В этой книге будет рассказано о святом, который еще в XIX веке чтился среди всего русского народа наравне со святым Сергием Радонежским. При этом лишь очень немногие знали хотя бы основные события его биографии.

Имя и жизнь преподобного Кирилла были неотъемлемой частью русской истории до Петра I, на него ссылались в полемических сочинениях, мноиге люди мечтали стать продолжателями его традиции, а сто лет назад те, кто считал себя закваской русской жизни, смотрели на имя православного святого с холодным недоумением.
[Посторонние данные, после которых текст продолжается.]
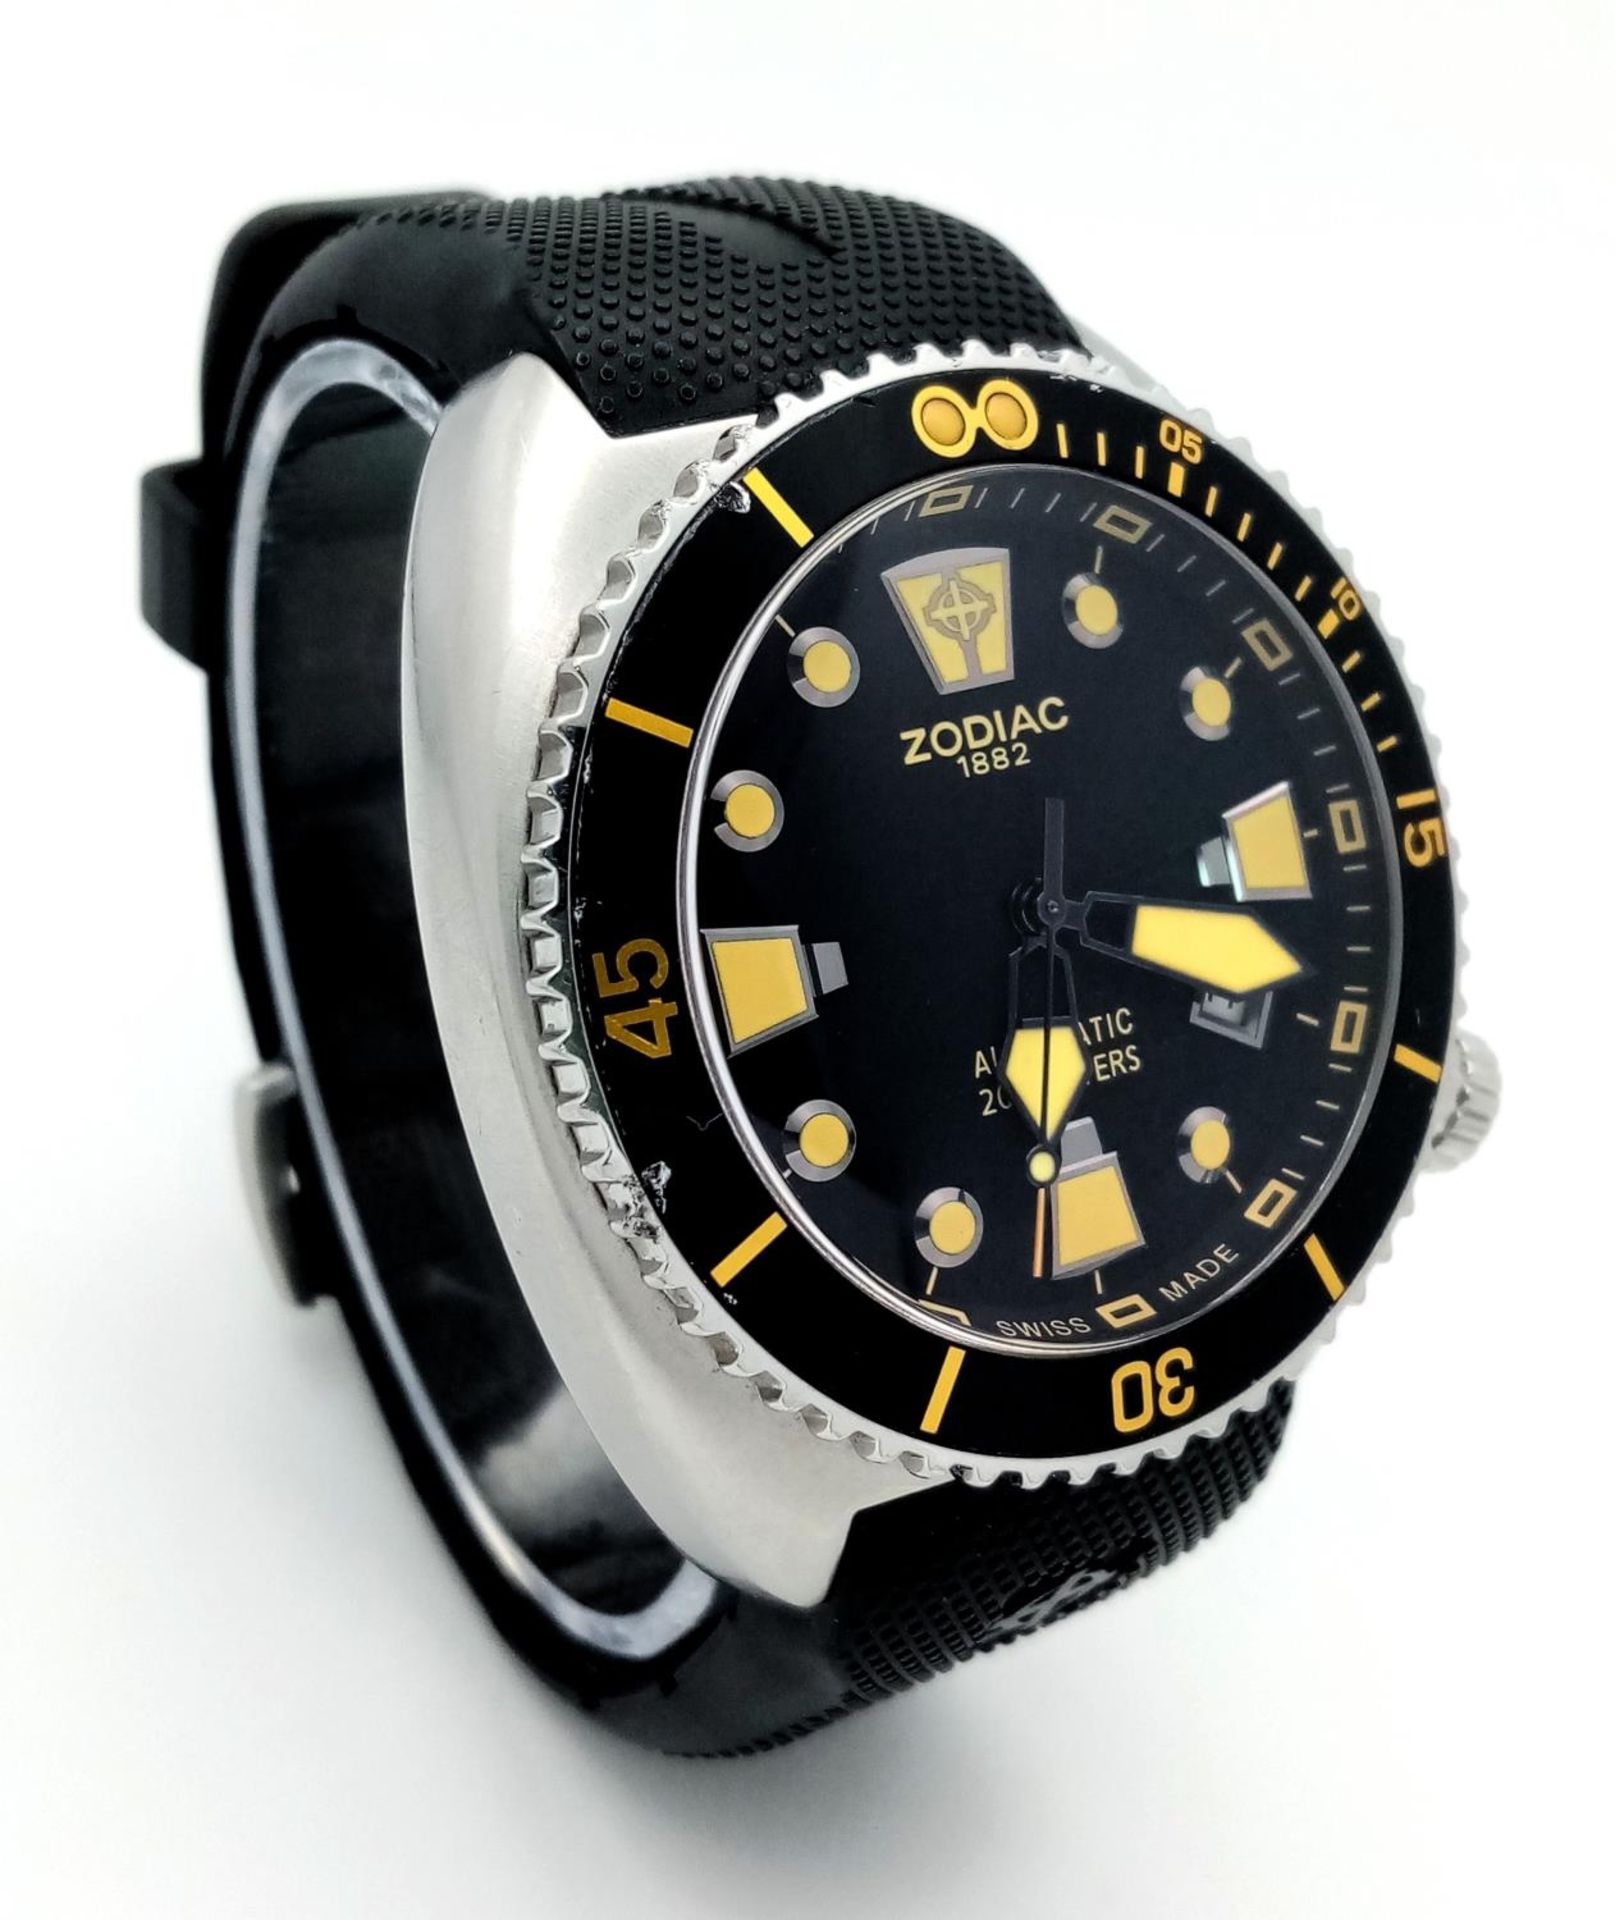 A Zodiac Automatic Gents Divers Watch. Water resistant to 200m. Black rubber strap. Stainless - Bild 3 aus 5

В течение сотен лет тысячи и тысячи христиан просили заступничества святого Кирилла — и вдруг совершенно незаметно народ перенес свое почитание на св. Кирилла Новоозерского, ученика его учеников, перенес, скорее всего, по незнанию между ними разницы и по сходству донельзя утрированных пересказов житий.

О подробностях его жизни, к тому же и не всегда верных и полных, имели представление лишь два-три церковных писателя (еп, черниговский Филарет и А. Муравьев), и небольшой круг их читателей, причем не из тех, к чьим голосам прислушивались в культурных, «просвещенных» слоях.
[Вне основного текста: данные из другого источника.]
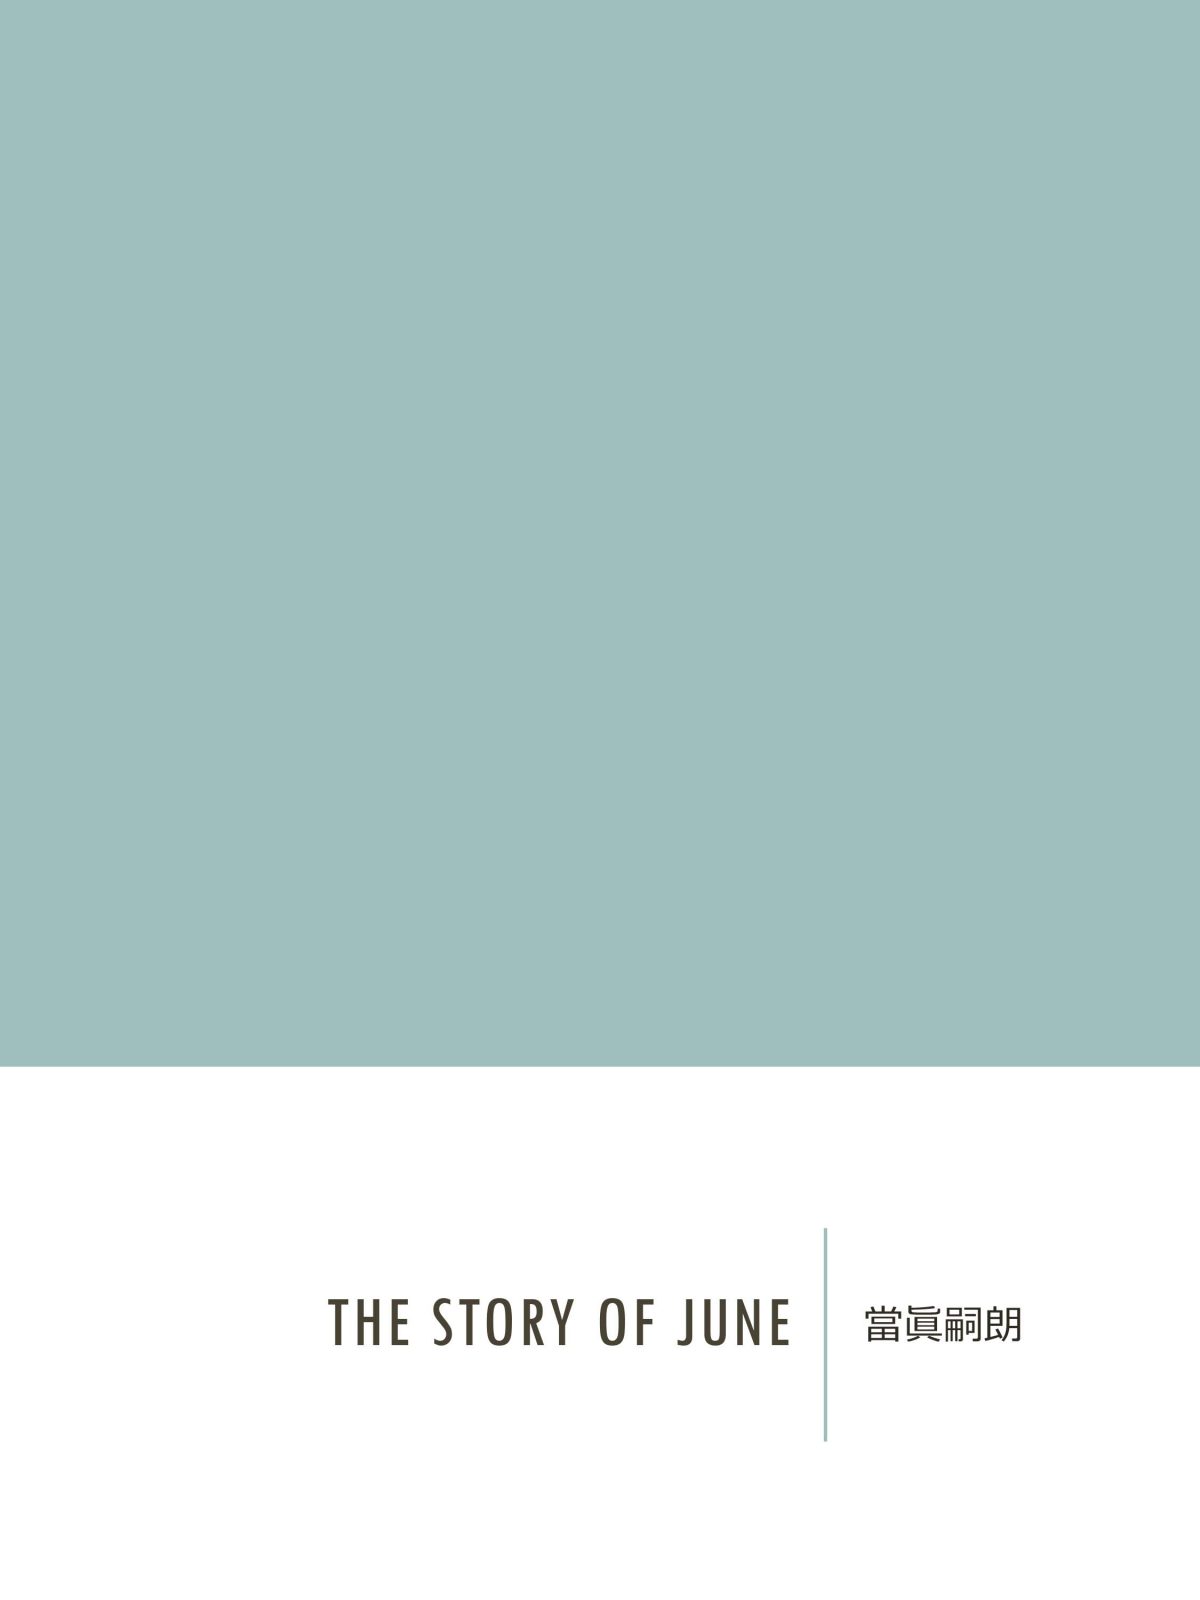 The story of June

Но, тем не менее, именно в это же время, точно по мановению свыше, происходят два события, благодаря которым может быть удовлетворен сегодняшний интерес к подробностям жизни православных святых, и в частности, св. Кирилла. В 1897 и 1910 гг. вышли две части работы видного историка Н. К. Никольского о Кирилло-Белозерском монастыре, где научно разбиралось древнее житие преподобного и сообщались некоторые дополнительные сведения о нем. В 1910 г. отец Василий (Яблонский) опубликовал это житие в приложении к своей монографии о Пахомии Логофете. Без этого и пой день житие св. Кирилла было бы закрыто для свободного доступа в государственных хранилищах.
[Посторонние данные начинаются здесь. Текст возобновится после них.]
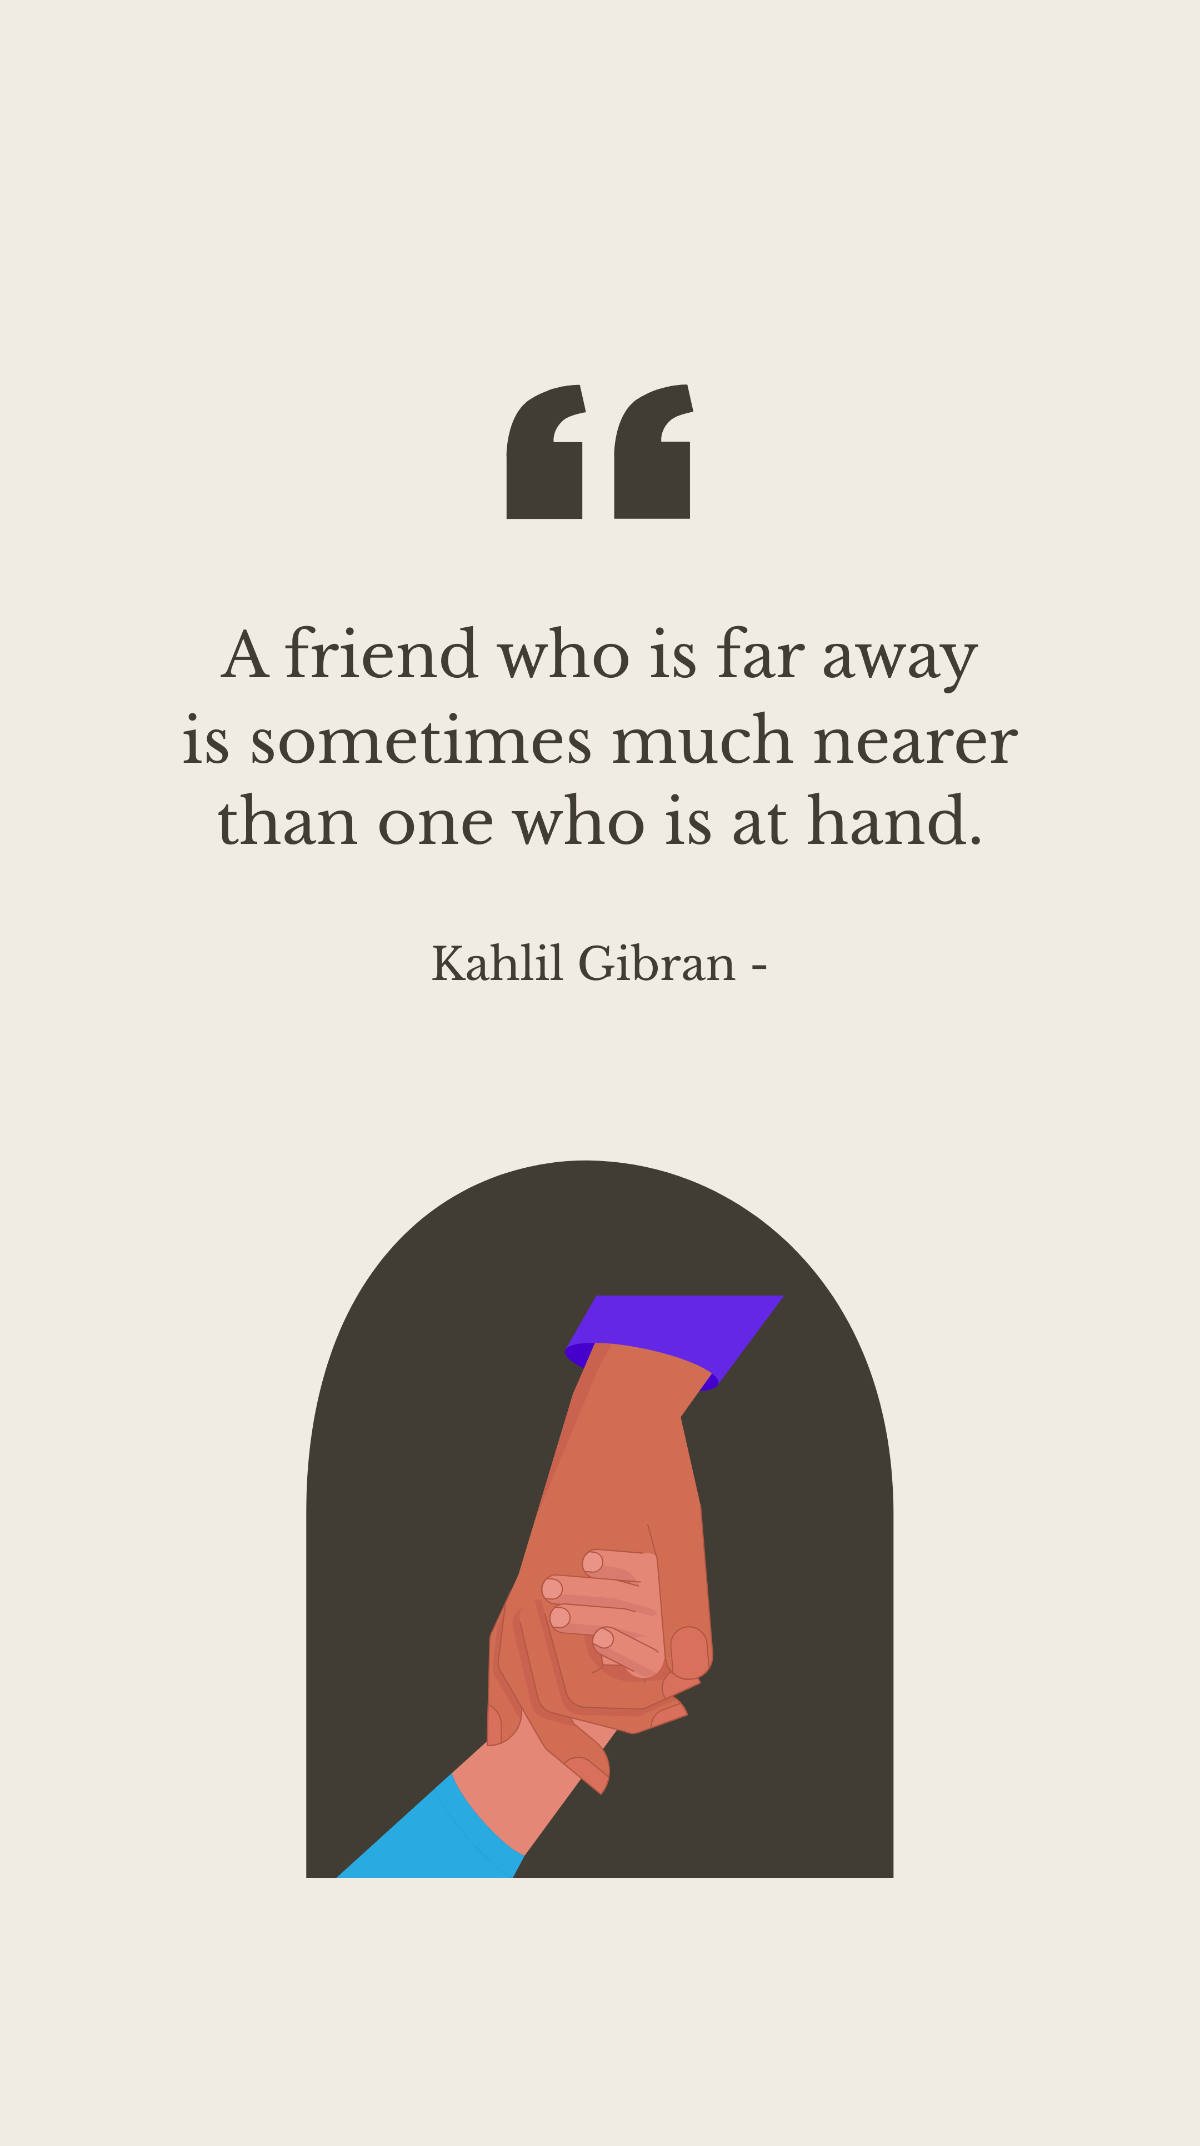 Kahlil Gibran - A friend who is far away is sometimes much nearer than one who is at hand. Template

В этой работе автор хотел бы не просто собрать воедино накопившиеся за десятилетия развития отечественной истории факты из жизни преподобного Кирилла, которые прежде не были известны его почитателям. Он хотел бы рассказать о том, что до сих пор никак почти не отражалось в агиографической литературе о св. Кирилле: о его «харизме», призвании, о его участии в деле объединения человечества с Богом, построения Божьего царства. В этом деле вольно или бессознательно, участвует каждый из нас, в свое время и на своем месте.
 

Новая повесть

По своему происхождению и связям Кирилл принадлежал к довольно привилегированному и знатному слою московского боярства. Однако его жизненный путь отнюдь не так просто объясняется привилегированностью: казначей в доме знатного родственника, одного из видных военачальников великого князя, инок и игумен одного из привилегированнейших московских монастырей, а затем основатель своего, пользующегося немалым влиянием в княжеской фамилии.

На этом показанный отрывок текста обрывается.